The Relationship Between Weight and Brain Health

Most people are aware of the problems excess weight brings to our cardiovascular health. However, recent reports are showing that weight and brain health are also interconnected. A study on weight and brain function identified low cerebral blood flow as the main predictor of Alzheimer’s disease, with other associations to depression, ADHD, bipolar disorder, and other negative mental conditions. Considering more than 72% of Americans are overweight, more people should take greater care lest their obesity leads to brain dysfunction.

How are weight and brain health-related

There is a complex relationship between weight and brain health. As mapped out by a study on diet and mental health, it’s often a two-way street between these two concerns. Stress on the brain is capable of negatively impacting physical health, leading to unhealthy eating. In turn, there would be more changes in mood attributed to the interference of fat with the synthesis of serotonin, a key brain neurotransmitter. These changing brain functions may lead to posttraumatic stress disorder (PTSD) and depression, especially when coupled with childhood abuse and negative outlooks on self-image. To stop further deterioration and even encourage recovery, it’s essential to regulate actions contributing to weight gain and mental decline.

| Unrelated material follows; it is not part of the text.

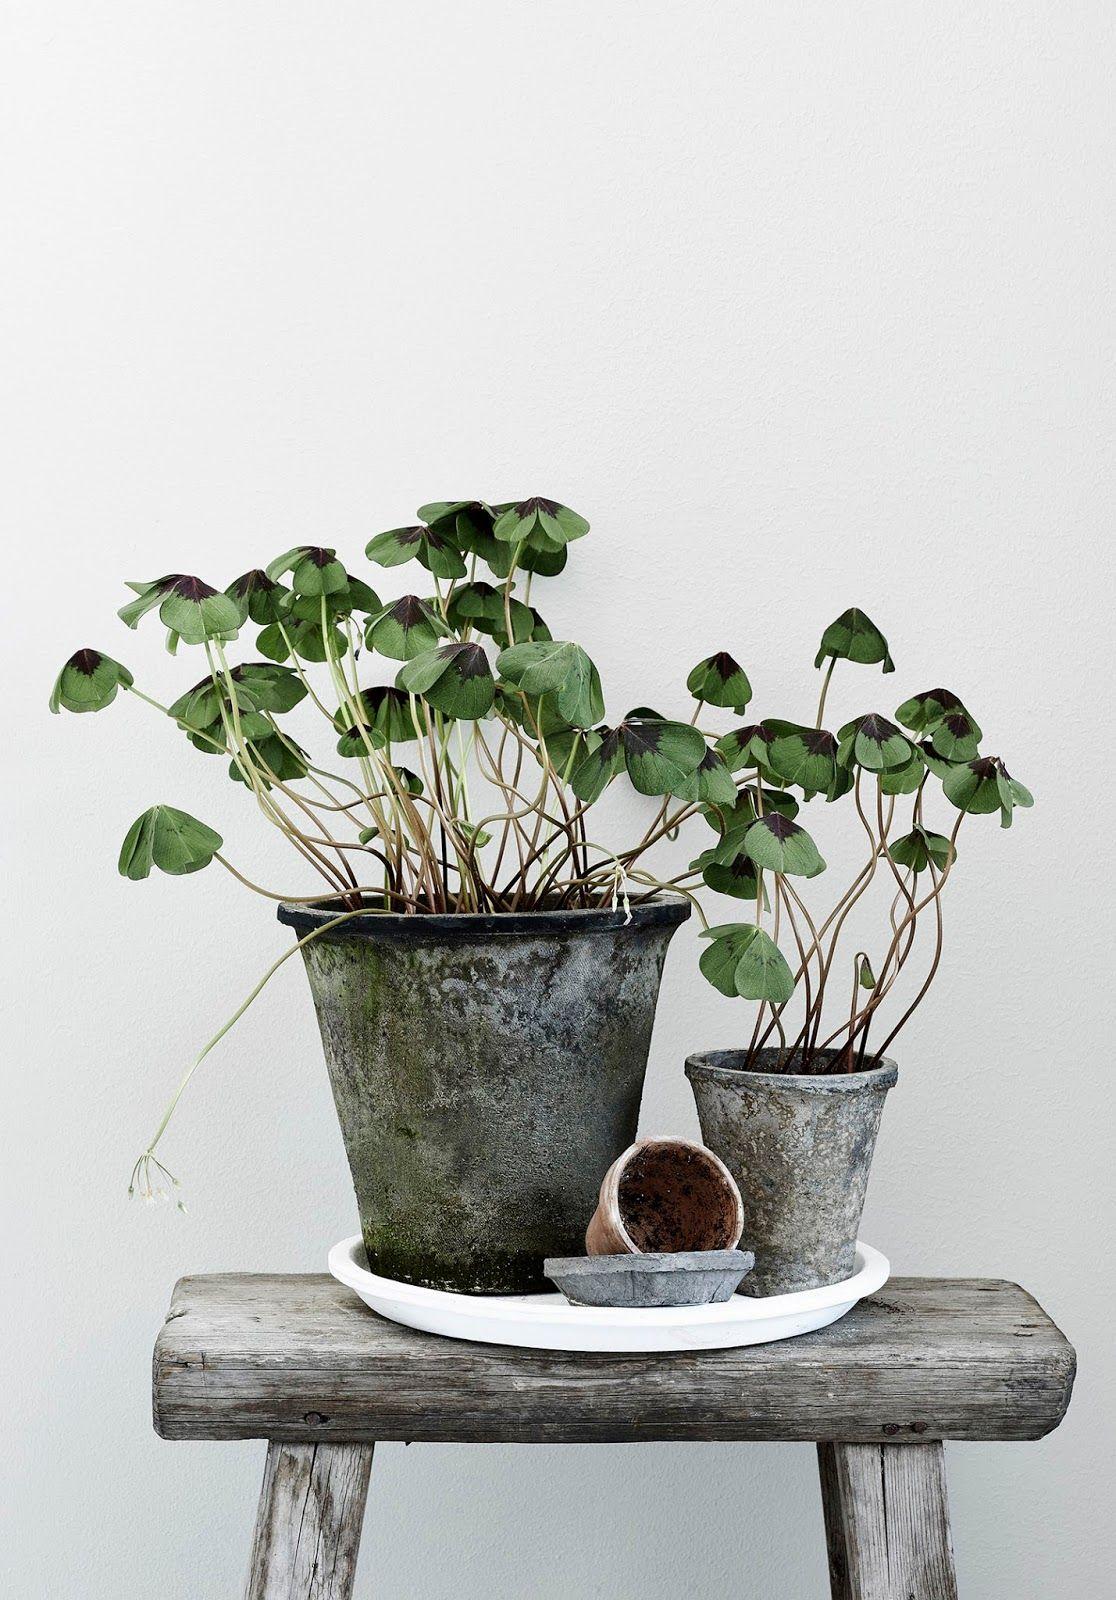 lis vihreit kuvia kirja l htee wohnen mit pflanzen. Black Bedroom Furniture Sets. Home Design Ideas

Tips to manage weight and brain health

For those struggling with losing weight and improving mental health, it’s important to consult a doctor or psychiatrist to learn about the best health interventions for you. With the support of a professional, you can take realistic steps toward handling your health issues and sustainably work for the better. Here are some tips on how you can manage your weight and brain health:

Regulating weight

With the advent of nutritional and behavioral research, more experts are able to pinpoint healthy habits that tap into safe weight loss and brain care. There are now weight loss and fitness programs that track meals, drinks, snacks, physical activities, water intake, and sleep habits, promoting healthy behaviors — which similarly keep the brain healthy. These programs are often paired with mobile applications, which makes it easier to record the different processes. Through tracking, you can be more conscious of what you consume and do, allowing you to build healthier habits over time. For example, instead of reaching for a cookie, you may be more inclined to get a fruit smoothie to manage your weight and brain health. By choosing healthier options, you also bring greater nutrition to your body.

Improving mental health

Considering the link leading to mental decline, it’s also essential that you take care of your mental health. A study regarding physical activity and brain plasticity found that physical activity is associated with better cognitive function in older adults. Certain brain regions and networks were discovered to be more sensitive to the effects of exercise, which is key in keeping brain plasticity — contributing to memory formation and learning. Furthermore, several reviewed studies identified exercise to have antidepressant effects, contributing to more weight loss and improvement of mood.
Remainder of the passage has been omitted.